Table 2. Search engines tested in this study
Search Engine URL
AlltheWeb www.alltheweb.com
AltaVista www.altavista.com
Excite www.excite.com
Google www.google.com
Lycos www.lycos.com
WebCrawler www.webcrawler.com

In the next step, keywords were extracted from the articles. Keyword extraction was performed in accordance with their corresponding Dublin Core elements. All of the keywords in the titles were extracted as the value of element "title"; the keywords provided by the authors in each article were considered as the value of element "subject"; the first creator of each article was considered as the value of element "creator" and the other ones (if any) as the value of element "contributor". In the case of some articles in which there was a complete overlap between subject and title keywords (all of the keywords assigned as subject keyword by authors existed in the title), a keyword was extracted from the abstract as the value of element subject to avoid any common keywords between title and subject elements. Totally 82 keywords were extracted from articles.

Using the simple search of search engines and regarding the nature of searching in each of engines, the keywords were searched. The phrases were searched with double quotes, so that the entire phrase was searched rather than each word of the phrase. The retrieval rank of a web page in a search engine results list was used to measure performance of the web pages. The higher the retrieval rank of a web page in a search engine results list, the better its performance and vice versa.

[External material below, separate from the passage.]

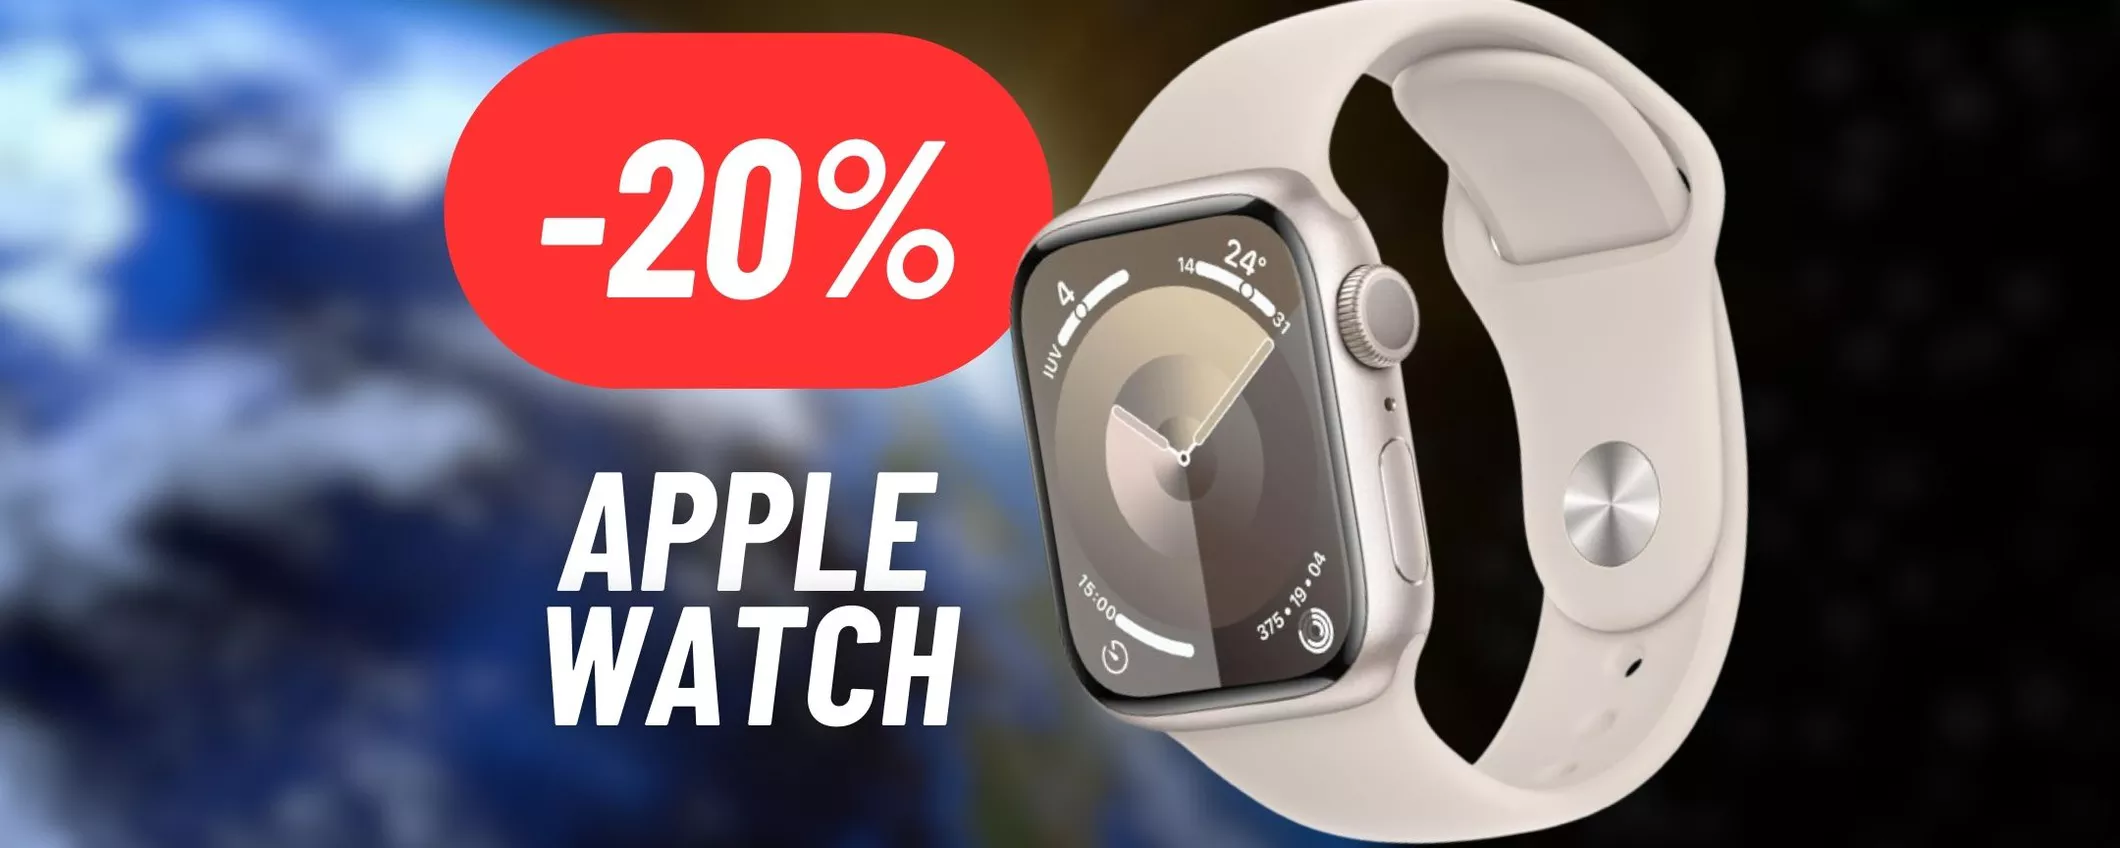 Apple Watch: elegante e funzionale al 20% di sconto

As at the first Text Retrieval Conference, using 200 results was reported as a retrieval threshold (Turner & Brackbill, 1998, p.264), the first 200 results of each search were examined as an arbitrary cutoff point and the ranking of the first specific reference to the exact web page within those first 200 hits was recorded. If a search could have resulted in retrieving a page but it was not in the top 200 results, that keyword was given the rank of 201 for that search. Rankings, therefore, ranged from 1 (highest) to 201 (not retrieved).

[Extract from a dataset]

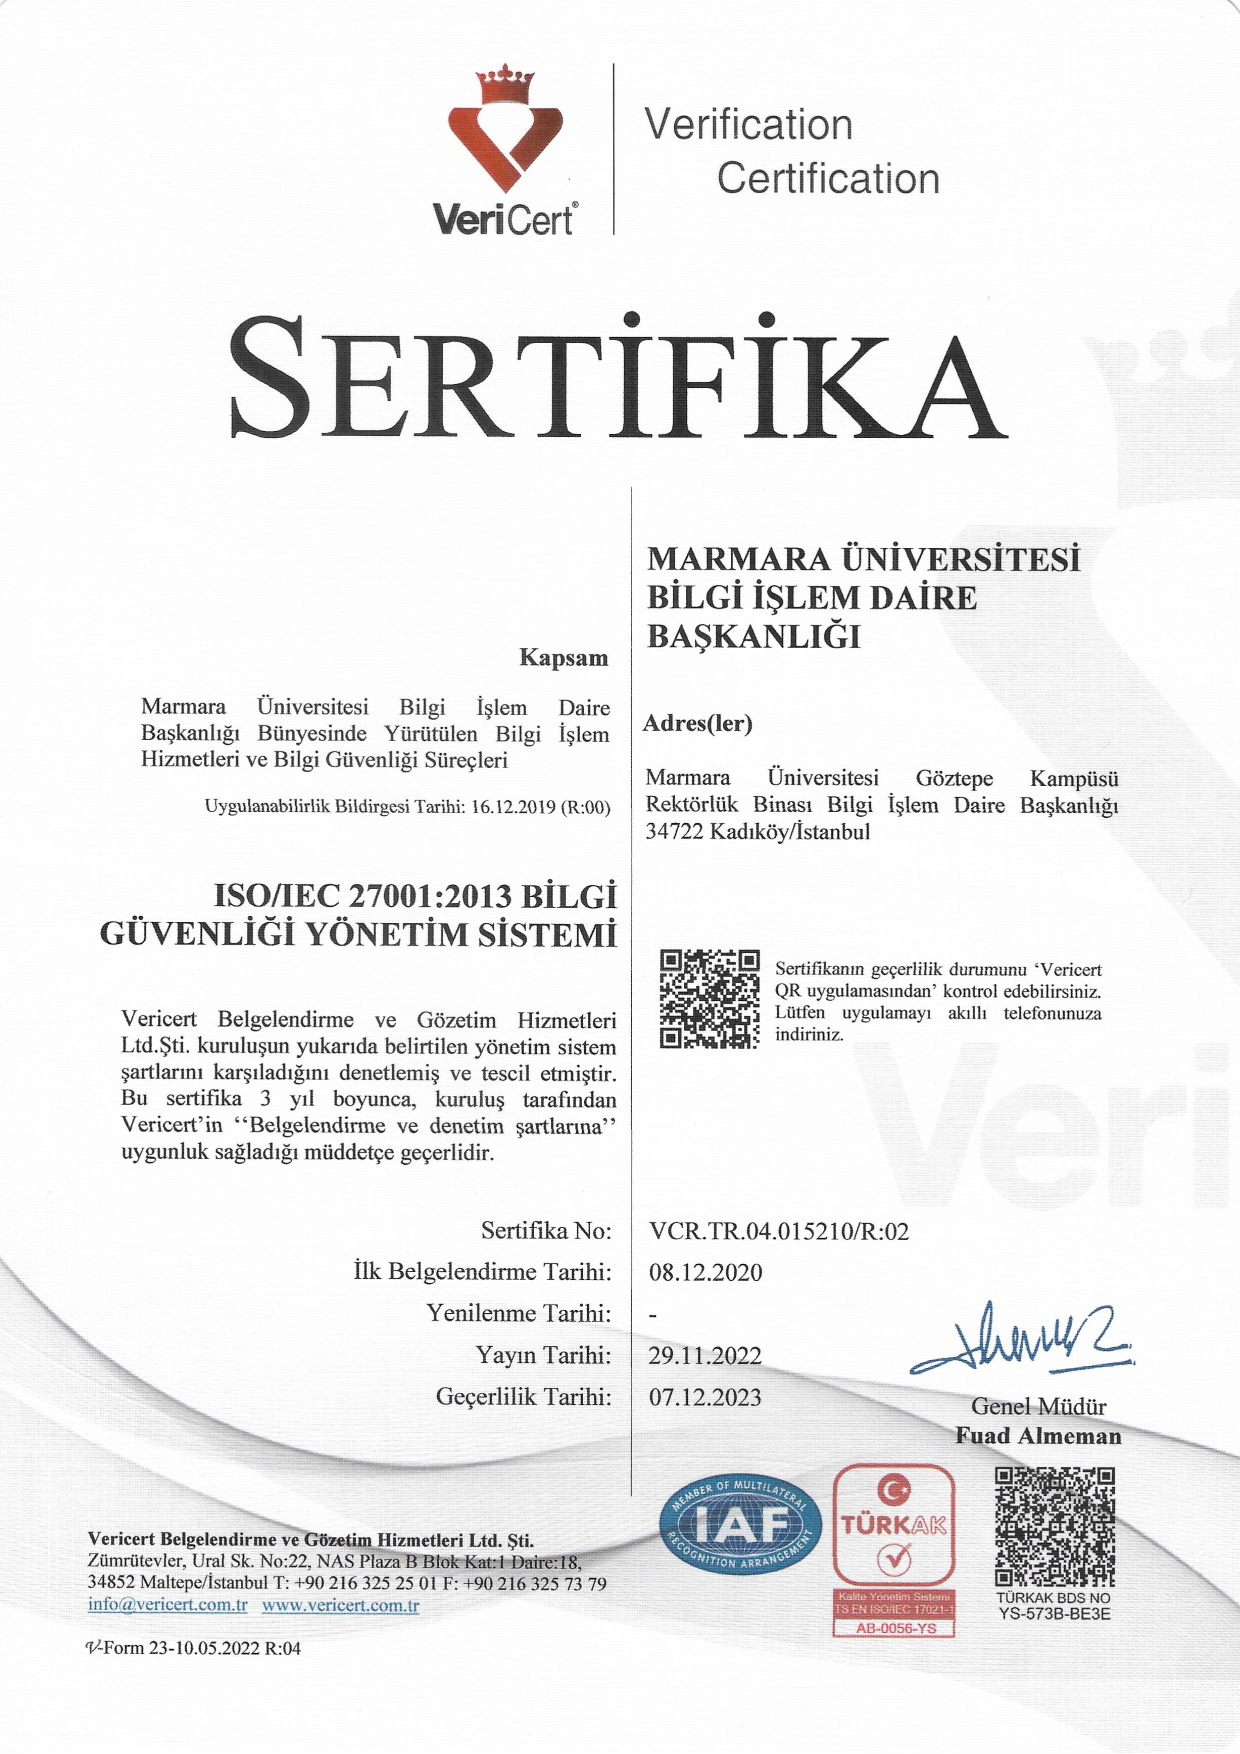 Sertifika-TR-2022_1.png (1.39 MB)

In the next step, the web pages were randomly divided into two groups: experimental group and control group. It resulted in totally 43 keywords in experimental group and 39 keywords in the control group. The metadata elements were embedded into the web pages of experimental group through HTML metatags. Figure 1 shows the metadata elements of one of the web pages.

To ensure that search engines revisit the pages, a numeric character (digit 1) was added to the beginning of the titles of the pages in HTML title tag. Since search engines take the title of each page from this tag and show it to the user in the list of the retrieved results, showing the changed title (a title with digit 1) was considered as an indicator for ensuring that the search engines had revisited the pages through their continuous crawling and refreshing. It took 4 months for search engines to revisit all pages and among them, Google was the first one and AltaVista was the last one that revisited all pages. From the perspective of a content provider and regarding the high dynamics of the Web, it is highly suggested that the speed of revisiting web pages and updating the databases by Internet search engines might be improved.

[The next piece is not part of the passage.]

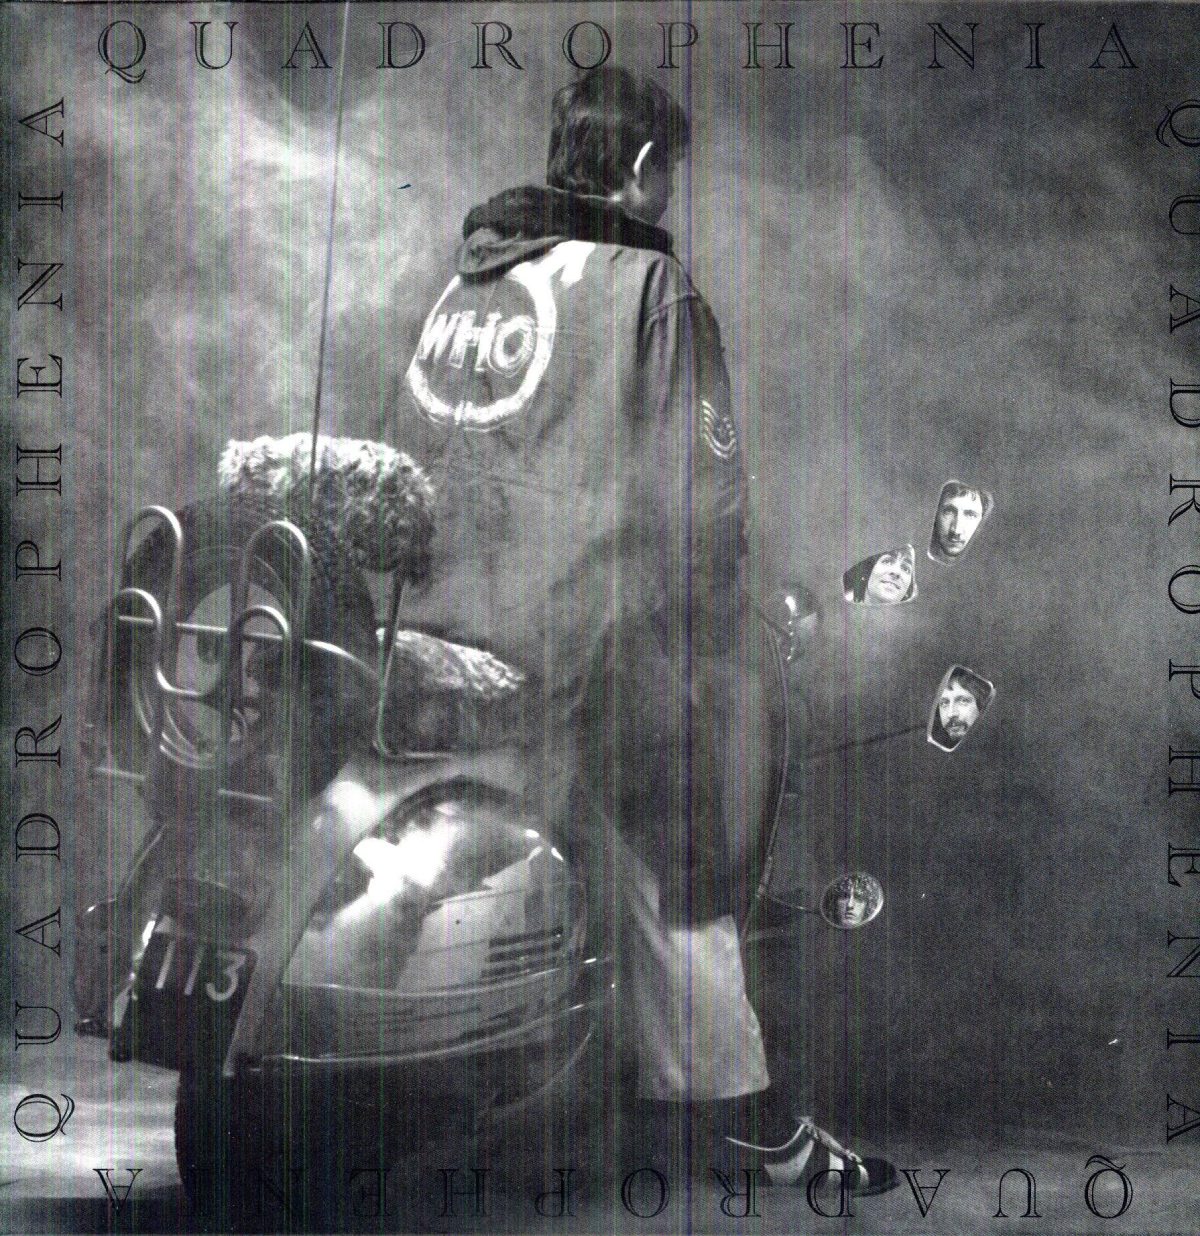 Couverture de l'album "Quadrophenia" des Who.

Figure 1. Dublin Core elements in HTML metatags
<title> 1 Theoretical and Experimental Investigation on Back-scattered Low Energy Gamma Radiation from Different Metals <title/>
<META NAME="DC.Title" CONTENT ="Theoretical and Experimental Investigation on Back-scattered Low Energy Gamma Radiation from Different Metals">
<META NAME="DC.Creator" CONTENT="A. Pazirandeh">
<META NAME="DC.Subject" CONTENT="Compton scattering, Rayleigh scattering, Double scattering, Albedo spectrum, Coherent and incoherent scattering, photo-electric effect">
<META NAME= "DC.CONTRIBUTOR" CONTENT="N. Sobhkhiz">

The web pages were controlled in order not to be changed during the study. The only change was metadata implementation in the experimental group. Once search engines revisited the pages, the searches were repeated with the same search terms and exactly in the same fashion and the results were recorded for future comparison. Appendix B and C indicate the first (R1) and second (R2) ranking of the keywords in the experimental and control groups. To determine the differences between the first and the second ranks, the first rank of each keyword was subtracted from its second rank. The differences achieved are indicated in R3 column. The negative numbers indicate losing ground and positive ones indicate gaining ground in the ranking of keywords.

Analysis of Findings

To determine whether metadata elements have affected the retrieval rank of the web pages, the achieved ranks (R3) of the keywords in the experimental and control groups were compared. The comparison was made by running Mann-Whitney U test. The U statistic "is used to test the significance of differences in central tendency between independent groups when the scores are ranks or when ranks have been substituted for the original scores" (Willemsen, 1974, p.193). This provides for a comparison of two sets of ranked scores and tests rankings of at least rank-order or ordinal level data. Since the results provided by the search engines are considered ordinal level data (Turner & Brackbill, 1998, p.265), Mann Whitney U test can be used to determine the significance of differences of ranks between two independent groups in this study. This test was run by SPSS (Statistical Package for Social Sciences) software.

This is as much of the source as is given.